Mobile station 102 operates using a Subscriber Identity Module (SIM) 140 which is connected to or inserted in mobile station 102 at a SIM interface (IF) 142. SIM 140 is one type of a conventional “smart card” used to identify an end user (or subscriber) of mobile station 102 and to personalize the device, among other things. Without SIM 140, the mobile station terminal is not fully operational for communication through the wireless network. By inserting SIM 140 into mobile station 102, an end user can have access to any and all of his/her subscribed services. SIM 140 generally includes a processor and memory for storing information. Since SIM 140 is coupled to SIM IF 142, it is coupled to controller 106 through communication lines 144. In order to identify the subscriber, SIM 140 contains some user parameters such as an International Mobile Subscriber Identity (IMSI). An advantage of using SIM 140 is that end users are not necessarily bound by any single physical mobile station. SIM 140 may store additional user information for the mobile station as well, including date book (or calendar) information and recent call information.
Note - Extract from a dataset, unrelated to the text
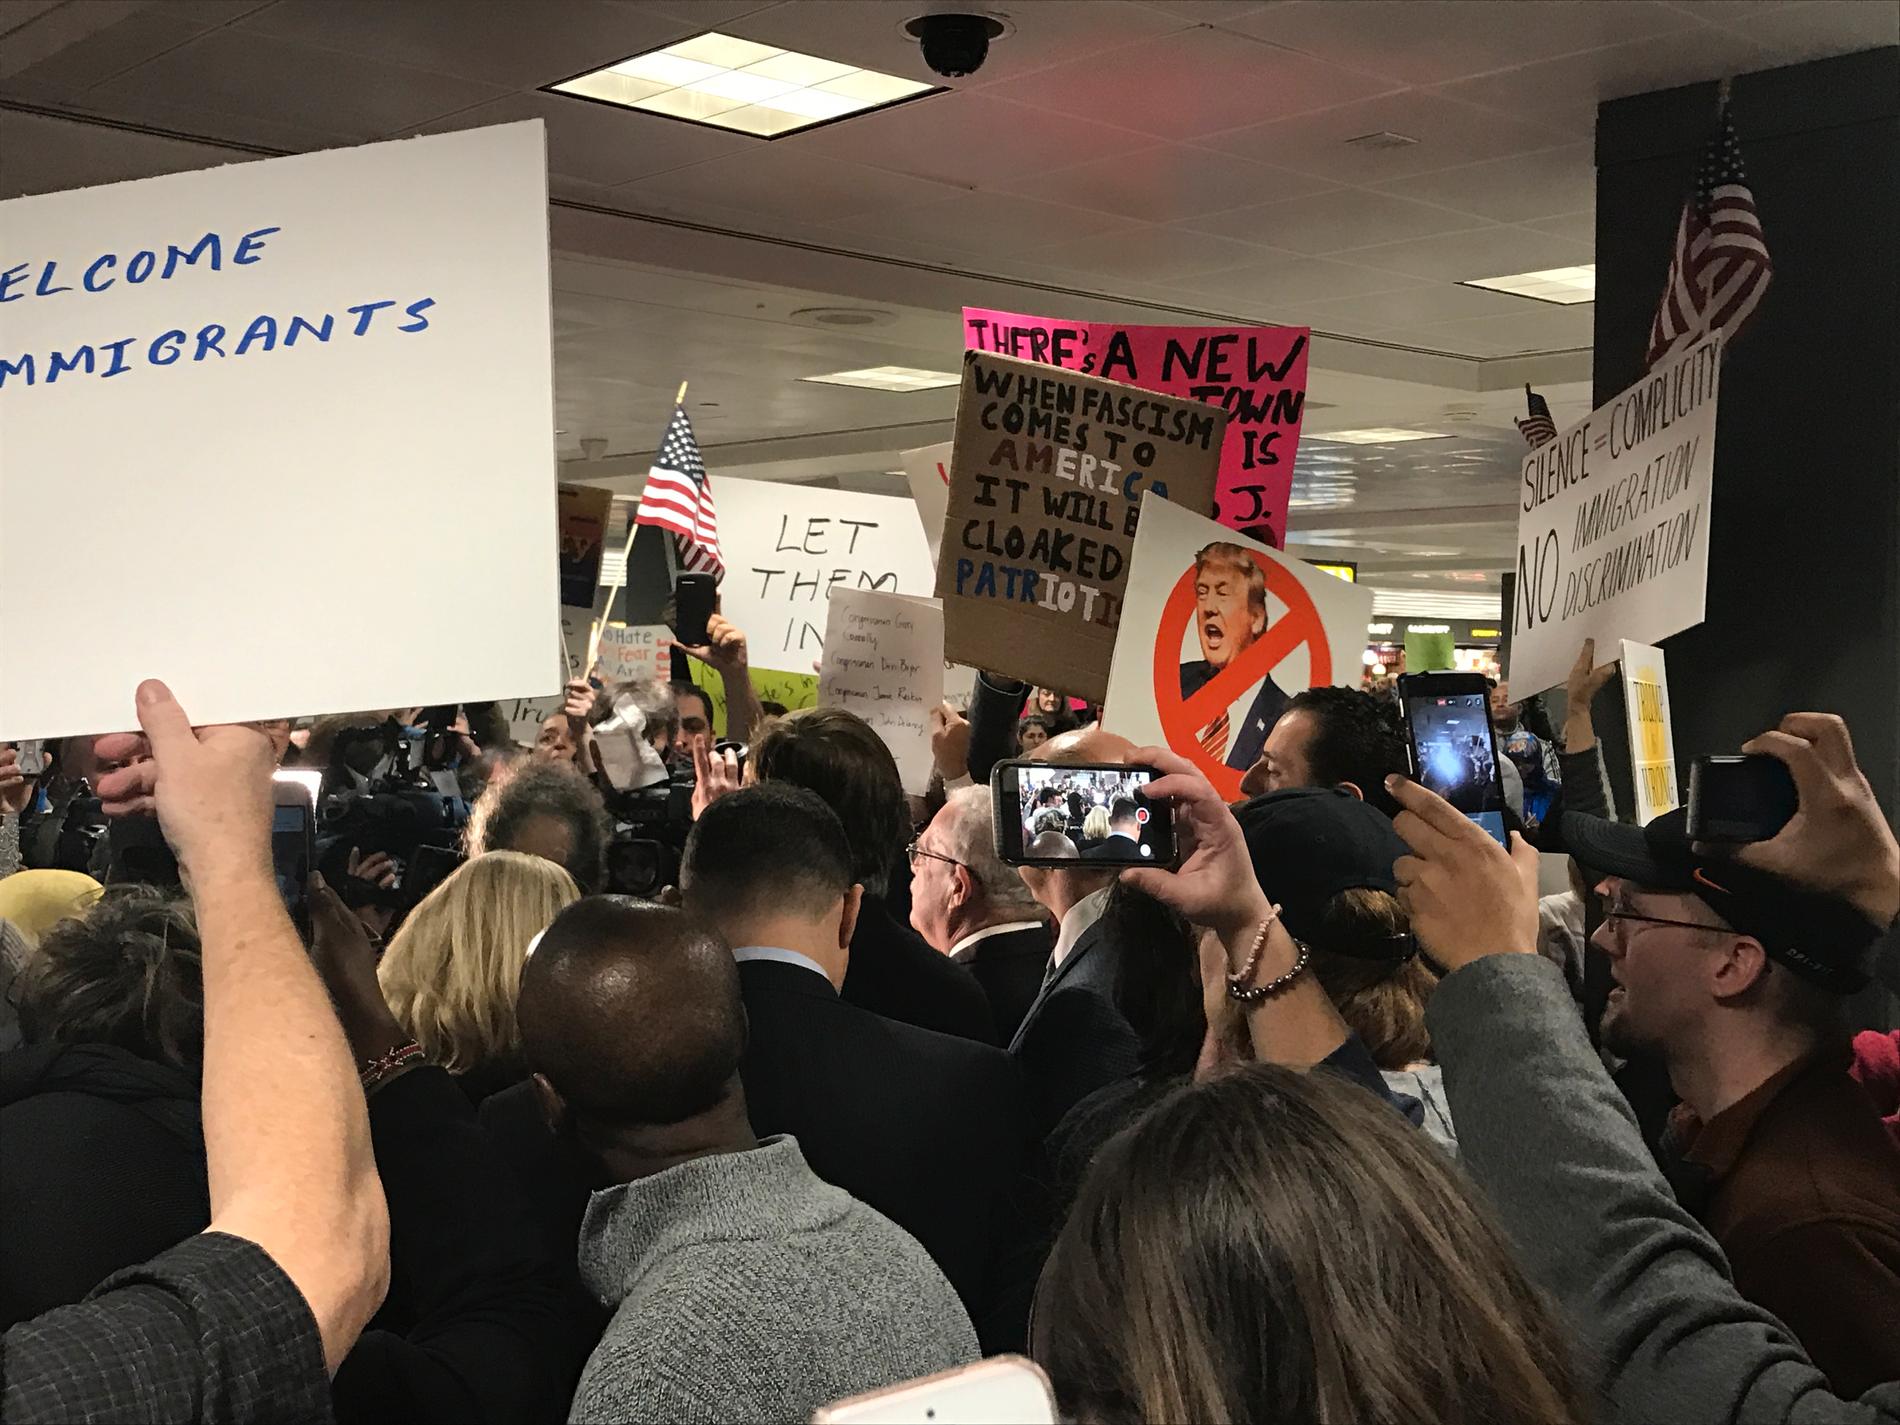 Många av aktivisterna har skyltar med Trump-kritiska budskap och uppmaningar till solidaritet. Talkörer om öppna gränser ekar mellan väggarna.

Mobile station 102 may consist of a single unit, such as a data communication device, a multiple-function communication device with data and voice communication capabilities, a personal digital assistant (PDA) enabled for wireless communication, or a computer incorporating an internal modem. Alternatively, mobile station 102 may be a multiple-module unit comprising a plurality of separate components, including but in no way limited to a computer or other device connected to a wireless modem. In particular, for example, in the mobile station block diagram of FIG. 1, RF transceiver circuitry 108 and antenna 110 may be implemented as a radio modem unit that may be inserted into a port on a laptop computer. In this case, the laptop computer would include display 112, keyboard 114, one or more auxiliary UIs 116, and controller 106 embodied as the computer's CPU. It is also contemplated that a computer or other equipment not normally capable of wireless communication may be adapted to connect to and effectively assume control of RF transceiver circuitry 108 and antenna 110 of a single-unit device such as one of those described above. Such a mobile station 102 may have a more particular implementation as described later in relation to mobile station 202 of FIG. 2.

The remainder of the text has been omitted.